# Billing Transtion of care to BCBS



## rzapp49@yahoo.com (Aug 24, 2016)

Can any one tell me why BCBS is denying transition of care codes ( 99495 -99496 ) . I have been getting paid from other insurance , I cant get BCBS to pay these codes. Can any one help with this. Thank you


----------



## Rebecca Pate (Oct 28, 2016)

*Bcbs tcm*

I am having the same problem.  The explanation they give makes no sense.  Does anyone have any insight to offer?

Thanks!


----------



## abyrne (Nov 10, 2016)

Anthem BCBS does not cover TCM codes.
These most likely will need to be billed out as EM codes if appropriate.


----------



## amybalcomhall@gmail.com (Nov 10, 2016)

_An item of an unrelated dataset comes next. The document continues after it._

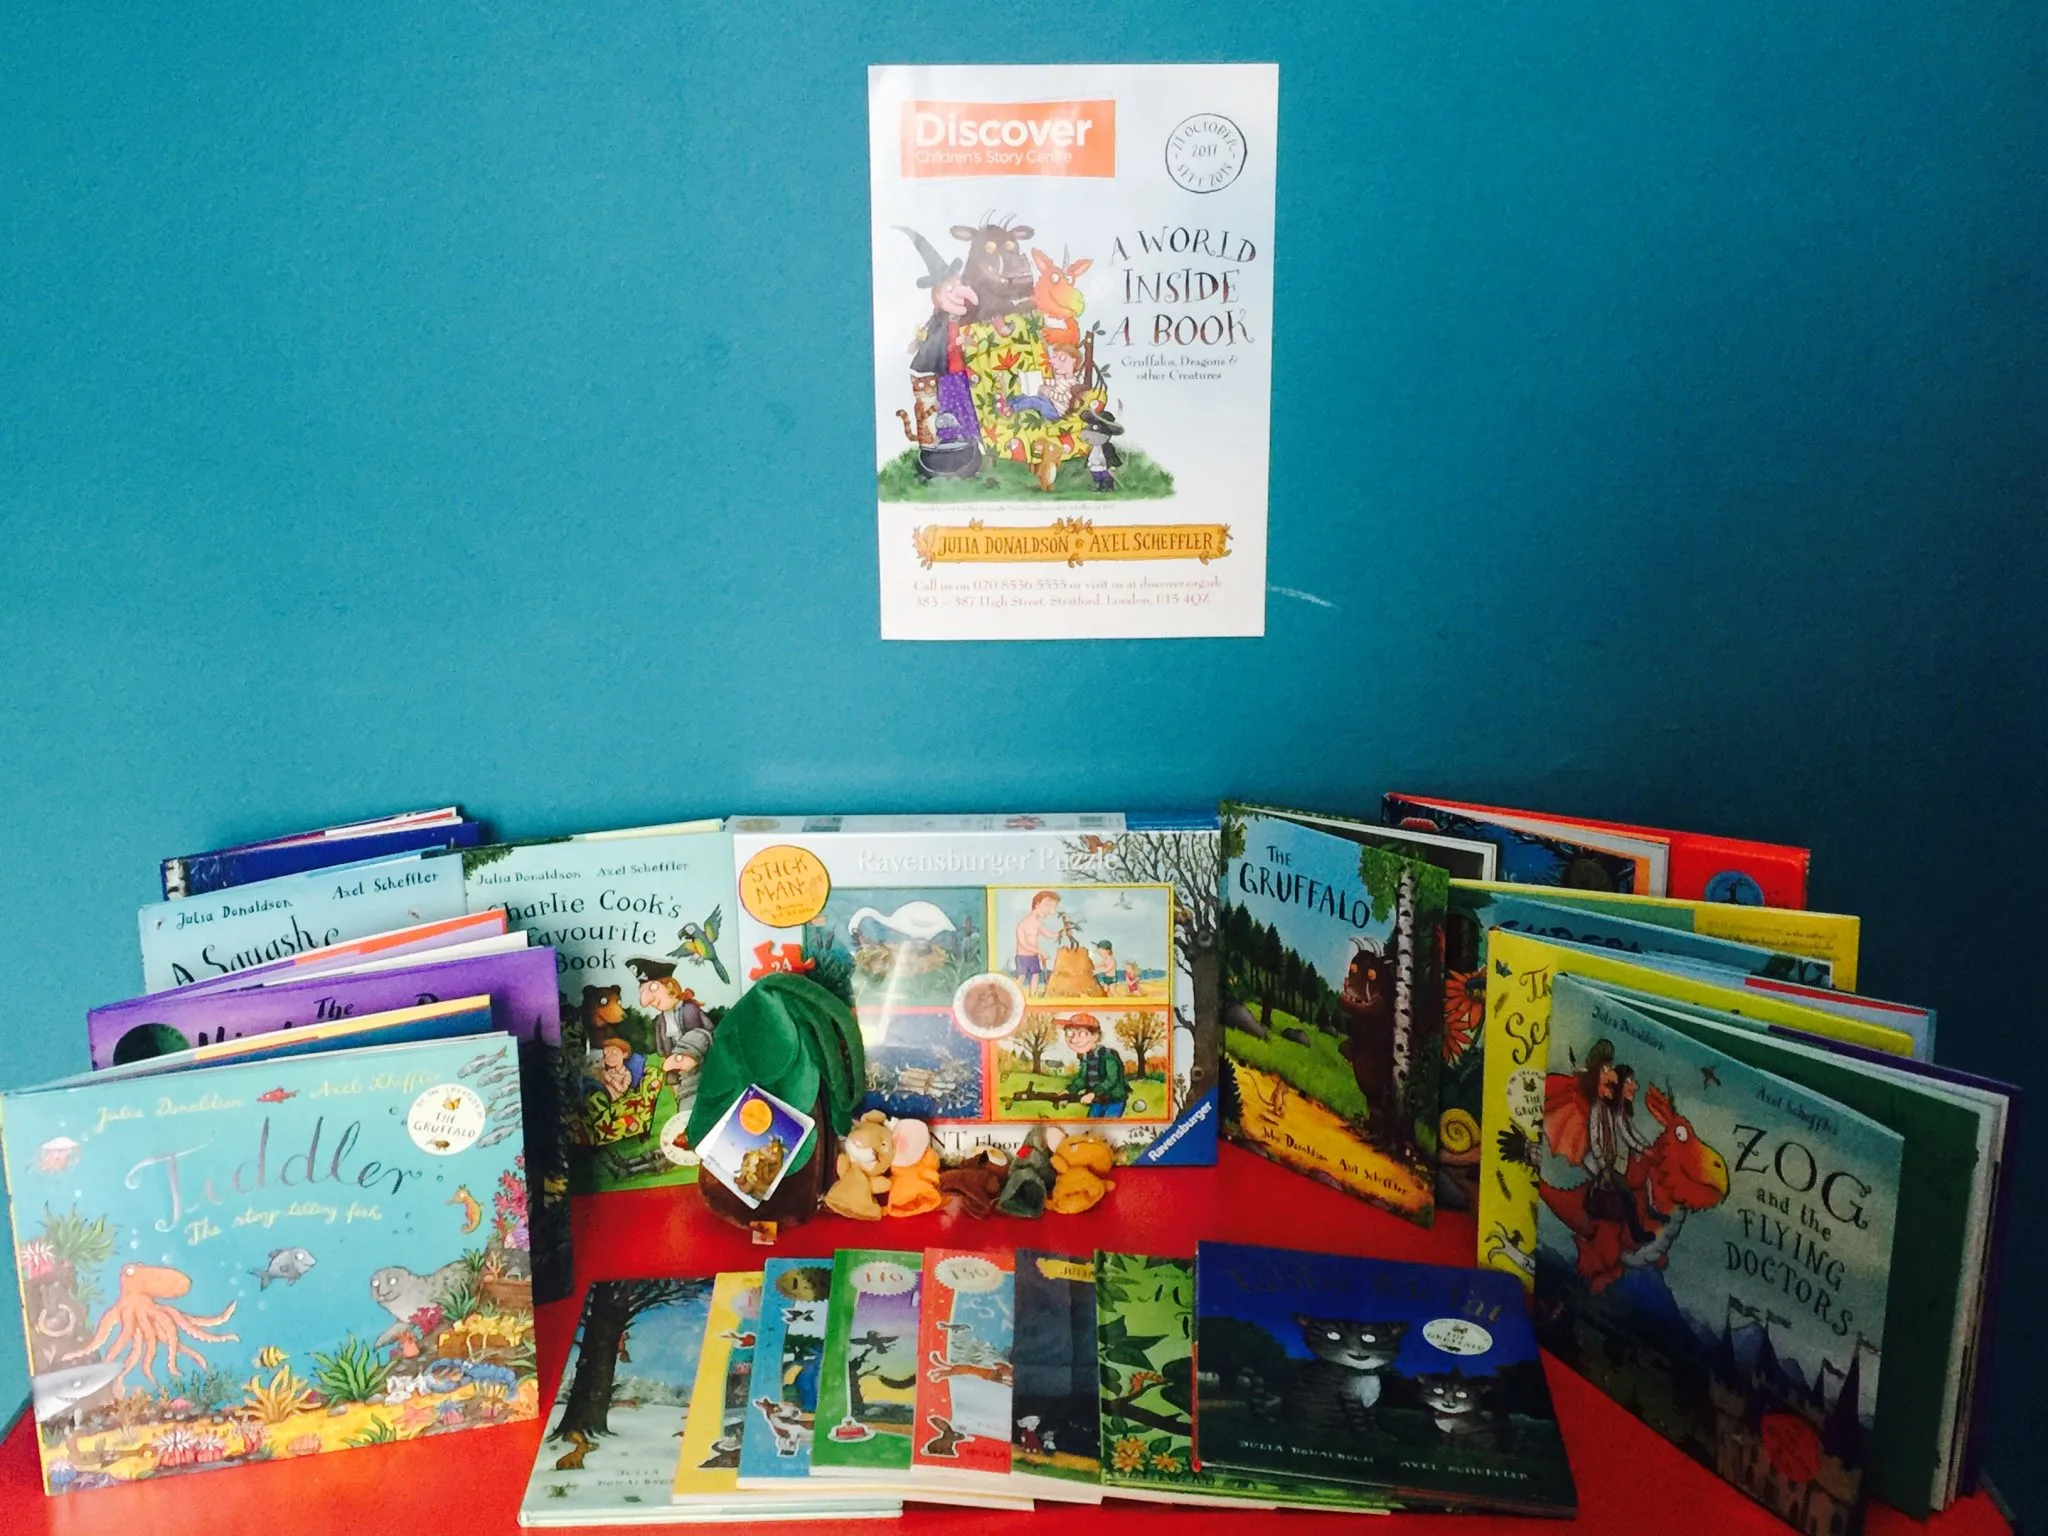 We have £250 of AMAZING goodies to give away from Julia Donaldson and Axel Scheffler to celebrate the Discover Children's Story Centre's amazing exhibition...including tickets for the event in October 21st, which runs for a whole year! Com visit the blog to find out all about the event!

TOC is a non-covered service under BCBS.  We went through this a year ago & had the same confusion because they had Cpt codes 99495 & 99496 on their fee schedule. 
We received clarification from our Provider Rep & TOC is definitely non-covered.  You will have to bill these visits following E/M coding guidelines.

Perhaps they will cover TOC in 2017.  I know under best practices thre are only a handful of codes that will be payable in 2017 and the rest will fall under capitation. We'll have to wait and see.


----------